Texas, with 34 electoral college votes, is a dependable Republican state and is crucial to McCain's chances to be elected president. (This may be embarrassing for Obama but it is not nearly so consequential.)
Libertarian candidate Bob Barr is the only presidential candidate whose name will be on Texas ballot this year, according to the Texas secretary of state. His was the only campaign that fully complied with the law by submitting a sufficient number of petition signatures by the statutory filing deadline.
Richard Winger reports in Ballot Access News:
Since the major parties do not even obey their own rules (Democrats, for example, seated the Florida and Michigan delegations at this year's convention even though both states ostentatiously flouted the party's rules about holding early primaries), they will probably find some compliant judge to allow their candidates on the ballot.

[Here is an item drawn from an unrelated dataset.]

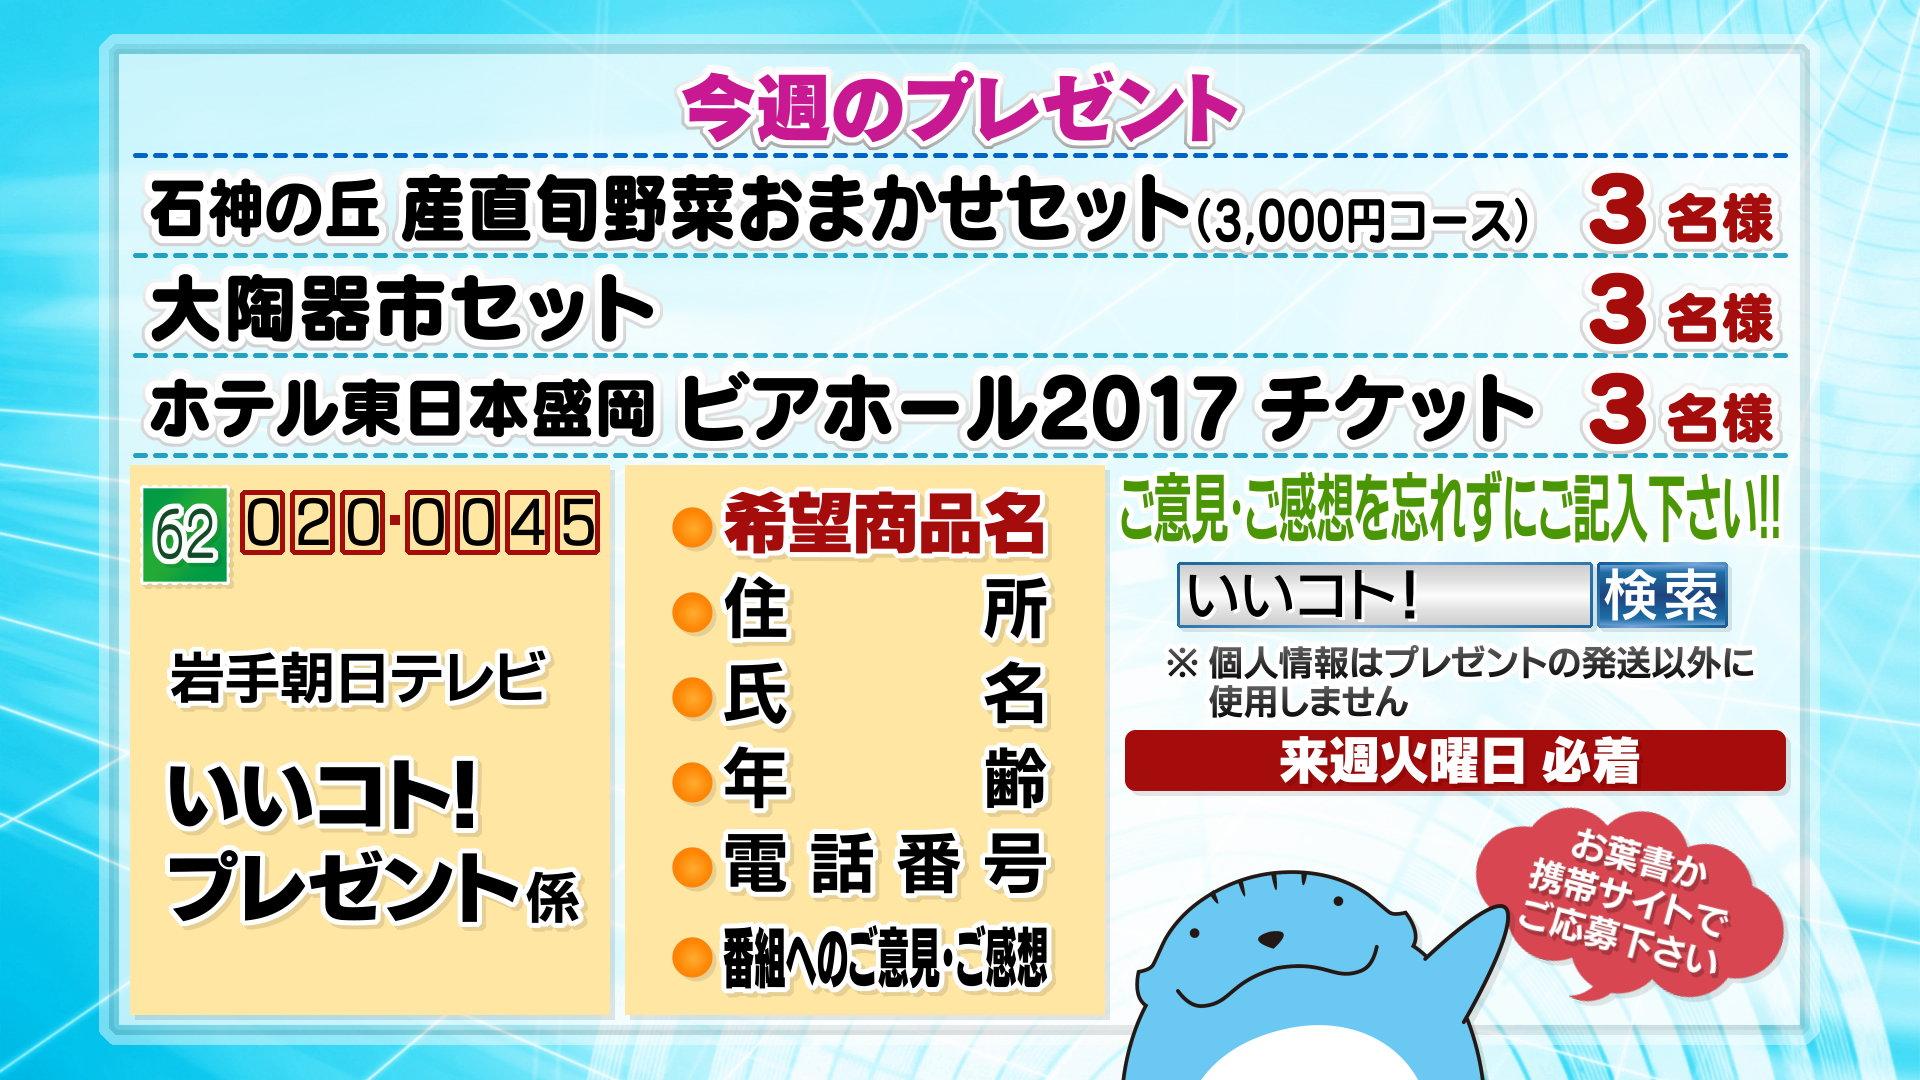 6/24(土)放送分のプレゼント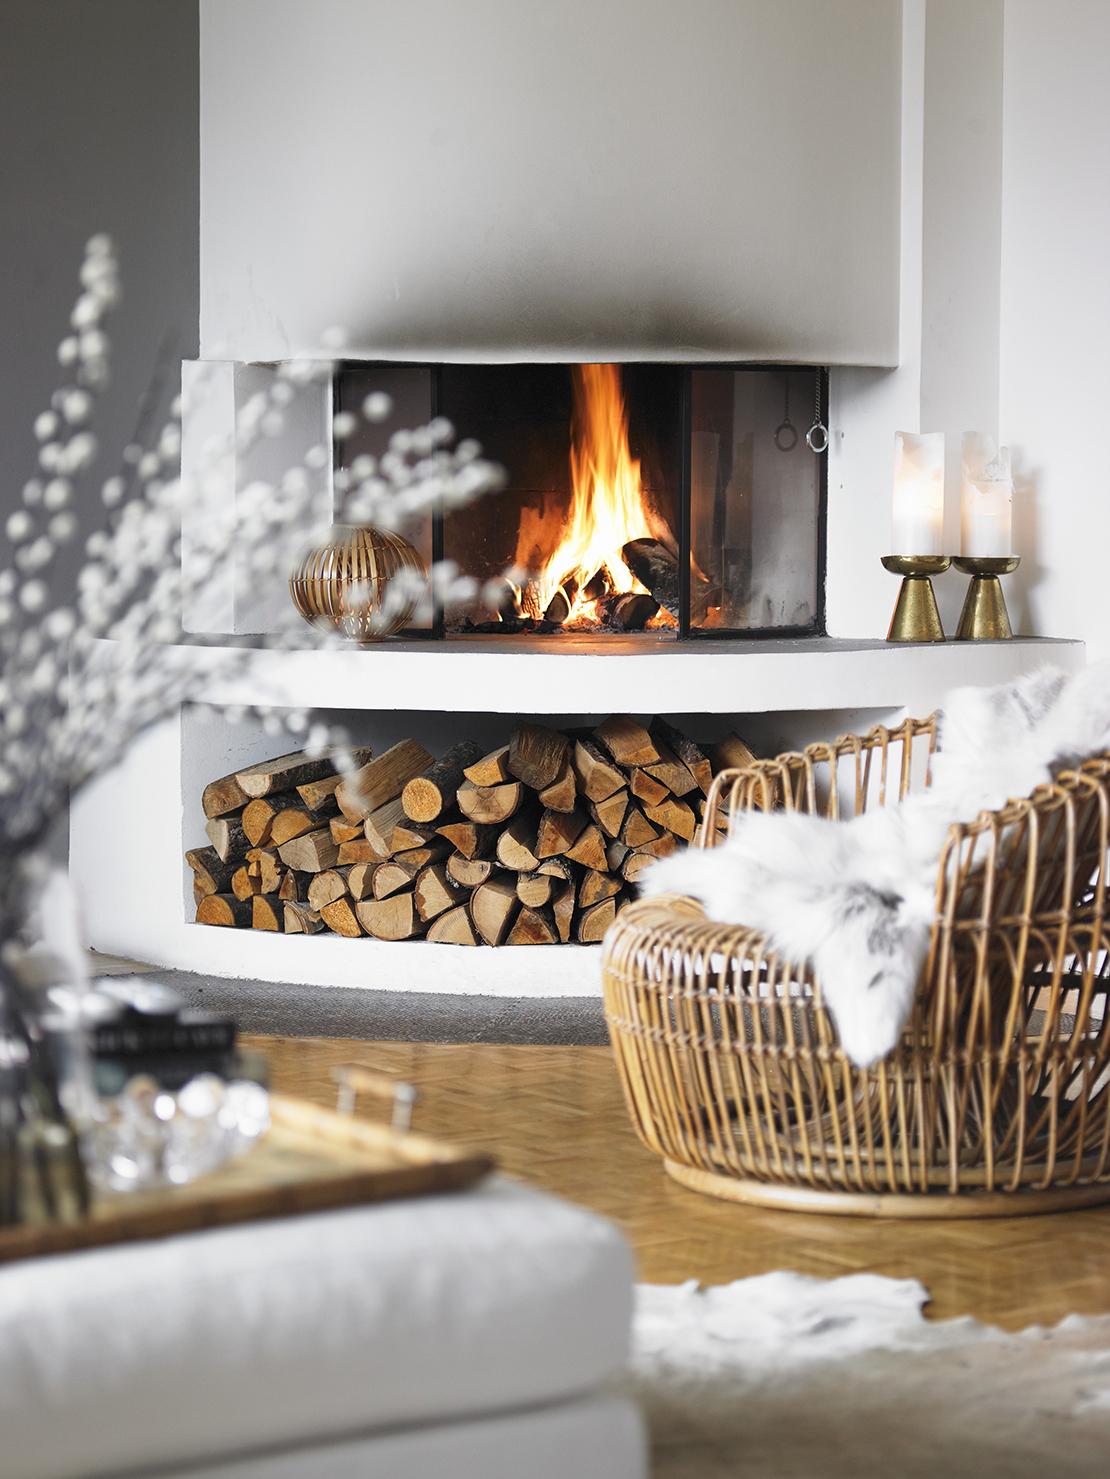 herbstgefuehle-wohnzimmer-mit-feuerstelle-und-fell

Section 192.031 of the Texas election code says that political parties must certify their presidential and vice-presidential candidates for the November ballot no later than 70 days before the general election. It says, “A political party is entitled to have the names of its nominees for president and vice-president placed on the ballot if before 5 p.m. of the 70th day before presidential election day, the party’s state chair signs and delivers to the secretary of state a written certification of the name’s of the party’s nominees for president and vice-president.”
This year, that deadline is August 26. UPDATE: At 2:30 pm Texas time, August 27, Kim Kizer of the Texas Secretary of State’s elections division says neither major party’s certification has been received in the Elections Division. The Executive Office of the Secretary of State refers all questions back to the Elections Division.
This year, neither the Democratic Party nor the Republican Party obeyed this law. See this link to the Secretary of State’s web page showing a blank for the Republicans and Democrats for president. It does show Bob Barr on the ballot; scroll down a little bit. If the Republicans have indeed filed, one wonders who they listed for vice-president, and why their filing is missing from the state web page.
Of course, when a minor party misses a deadline like this, the Democrats and Republicans insist on strict adherence to the law. Republicans and Democrats write the laws, then maneuver themselves into exemption; all others must obey.